Меня как током ударило, всё тело прошло ледяными иглами, кожа огрубела до наждачки, казалось, ещё секунда, и я выплюну лёгкие, настолько ядовитым сделался воздух. Меня ломало и от ярости, и от страха, и от колючести всех чувств. Я была оглушена. Обескуражена.

Спустившись вниз, Ян вновь хватает онемевшую меня и вталкивает в комнату с такой силой, что я чуть не врезалась в Ярослава, шатаясь, как больная. Охотник очнулся. Его ресницы дёрнулись, голова приподнялась, а следом и весь он зашатался на цепи, поворачиваясь лицом к свету. Слепо щурясь, он сфокусировал свой взгляд на мне. Зрачки Ярослава расширились, он что-то промычал бессвязное, прежде чем к нему вернулся голос.

— Дарья? Что ты здесь делаешь? — громко воскликнул он, повторяя мой же вопрос.
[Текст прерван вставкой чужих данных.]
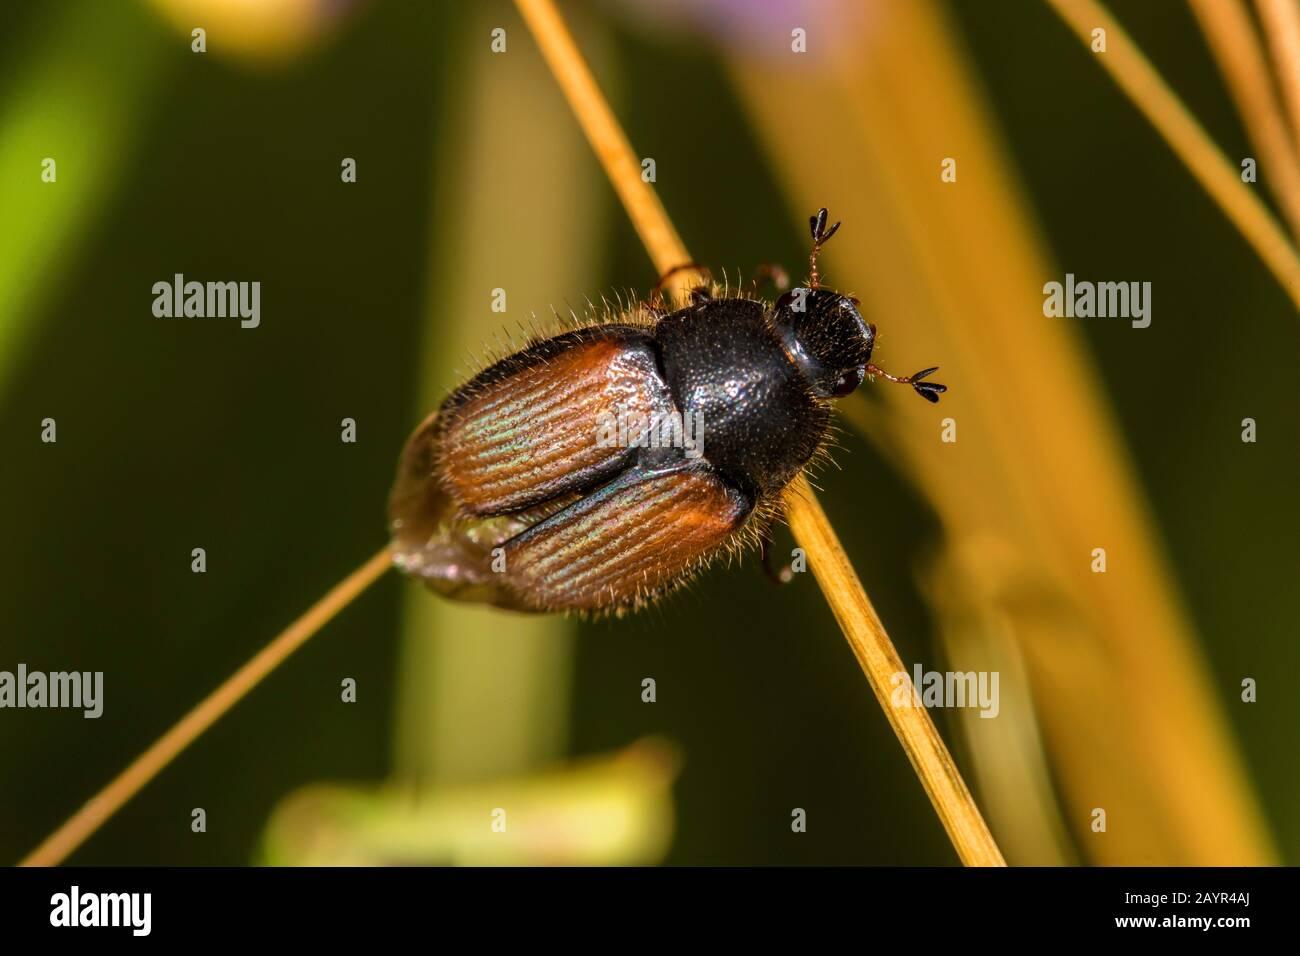 scarab beetle (Omaloplia nigromarginata), critically endangered species, Germany Stock Photo

Страшная догадка возникла в его воспалённом разуме: — Это ты! — почти торжественно заявил он. — Ты всё это устроила, мелкая дрянь! Да знаешь, что я с тобой сделаю, когда…

Ян тронул меня за локоть, прижимаясь сзади, чтобы почти промурлыкать мне на ухо:

— С днём рождения, дорогая моя, — шепчет вампир. — Хороший я сделал подарок, неправда ли?

— Тебя казнят. Прилюдно. По всей строгости и без всякого милосердия. Знаешь, как в старину казнили вампиров? Сжигали небесным огнём! — продолжал распаляться Ярослав, когда Ян обогнул меня и вышел на свет.

Увидев моего компаньона, охотник тонко завизжал, разом утрачивая весь свой пыл.

— О, видимо до тебя наконец-то дошло, в какое дерьмо ты вляпался, охотник, — удовлетворённо заключил Ян, подходя ближе.

Ярослав изо всех сил подтянулся на цепи, пытаясь вырваться, отпрянуть назад, но не сдвинулся с места, а Ян, с каким-то маниакальным удовольствием принялся когтями срывать одежду вместе с кожей мужчины. Когда он закончил, белая футболка клочьями повисла на мокрой от крови груди Ярослава. От брюк охотника остались лишь жалкие лоскуты. Кровь закапала на бетонный пол. Всё это время Ярослав визжал, как свинья, утратив своё превосходство охотника. Он понимал, что ни при каких обстоятельствах не покинет этот подвал.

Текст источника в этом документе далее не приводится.